START Available records

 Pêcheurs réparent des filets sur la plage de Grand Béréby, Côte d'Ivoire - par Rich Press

END Available records
START Available records

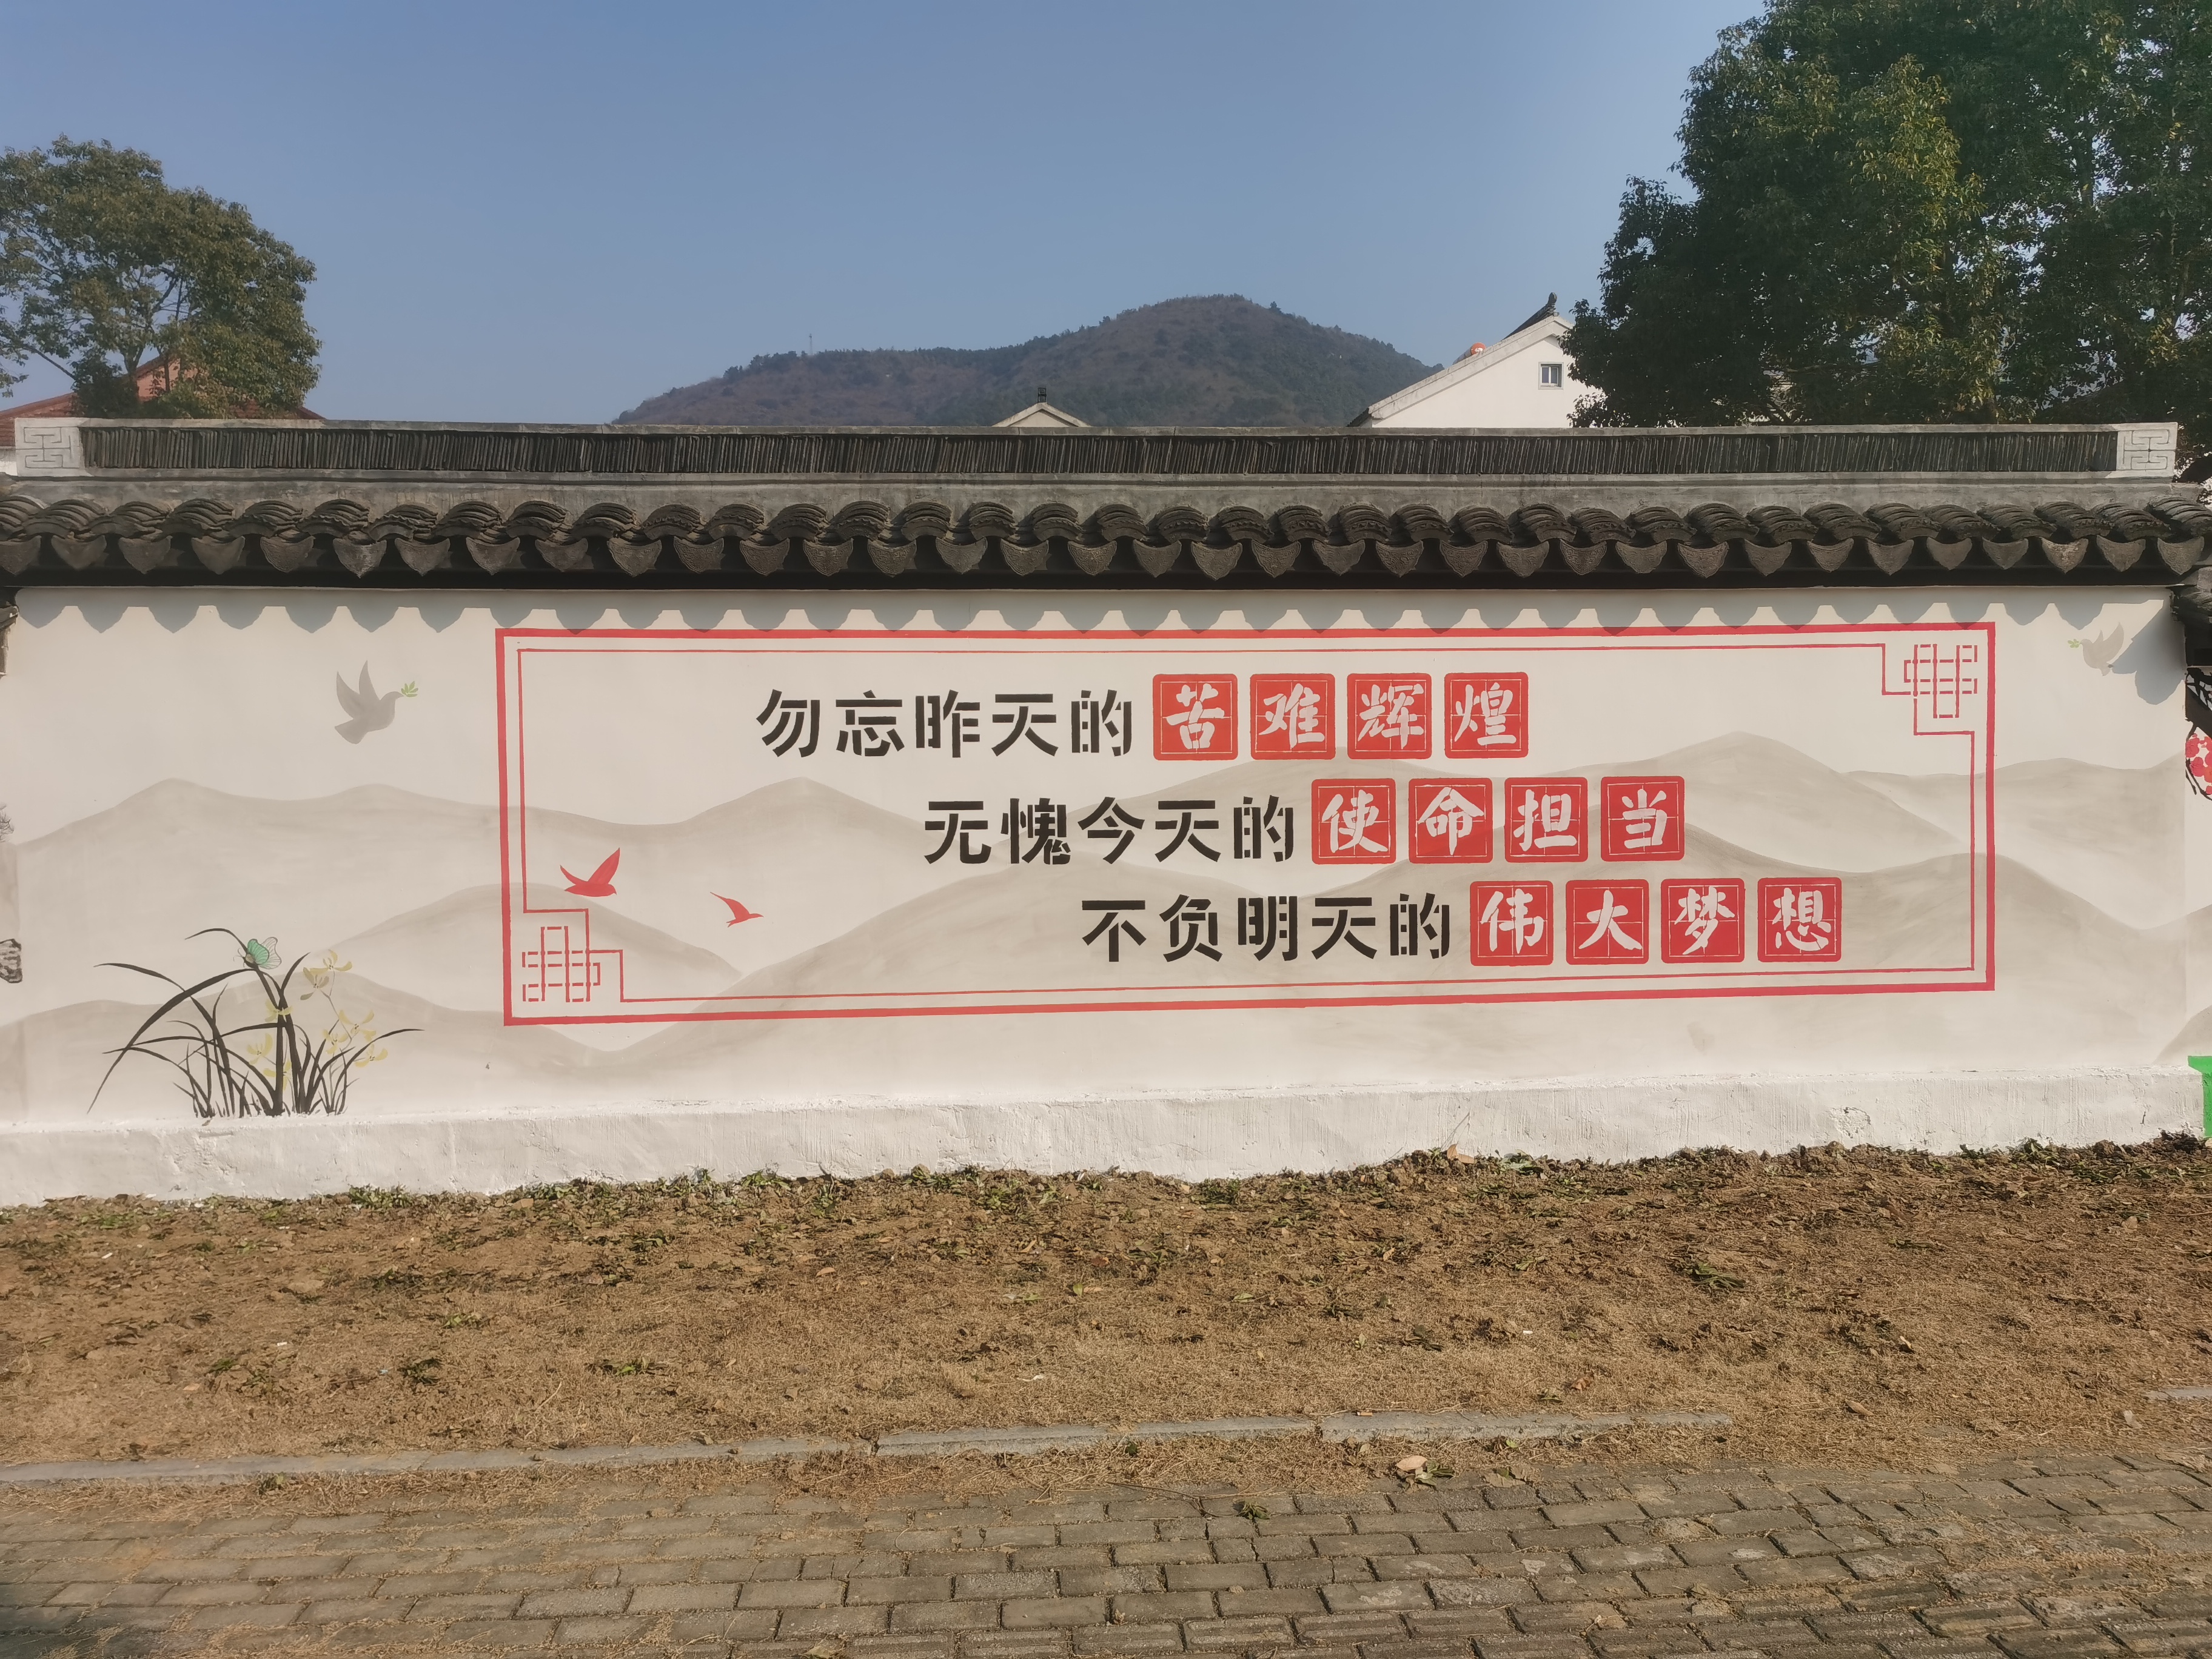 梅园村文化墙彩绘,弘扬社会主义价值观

END Available records
START Available records

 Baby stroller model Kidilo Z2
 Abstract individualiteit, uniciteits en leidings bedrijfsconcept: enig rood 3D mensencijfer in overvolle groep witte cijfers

END Available records

Task statement:
What are the lines above, starting at the one with "Baby stroller model Kidilo Z2" and ending at the one with "Abstract individualiteit, uniciteits"? Give them again exactly, and only them.

Solution:
 Baby stroller model Kidilo Z2
 Abstract individualiteit, uniciteits en leidings bedrijfsconcept: enig rood 3D mensencijfer in overvolle groep witte cijfers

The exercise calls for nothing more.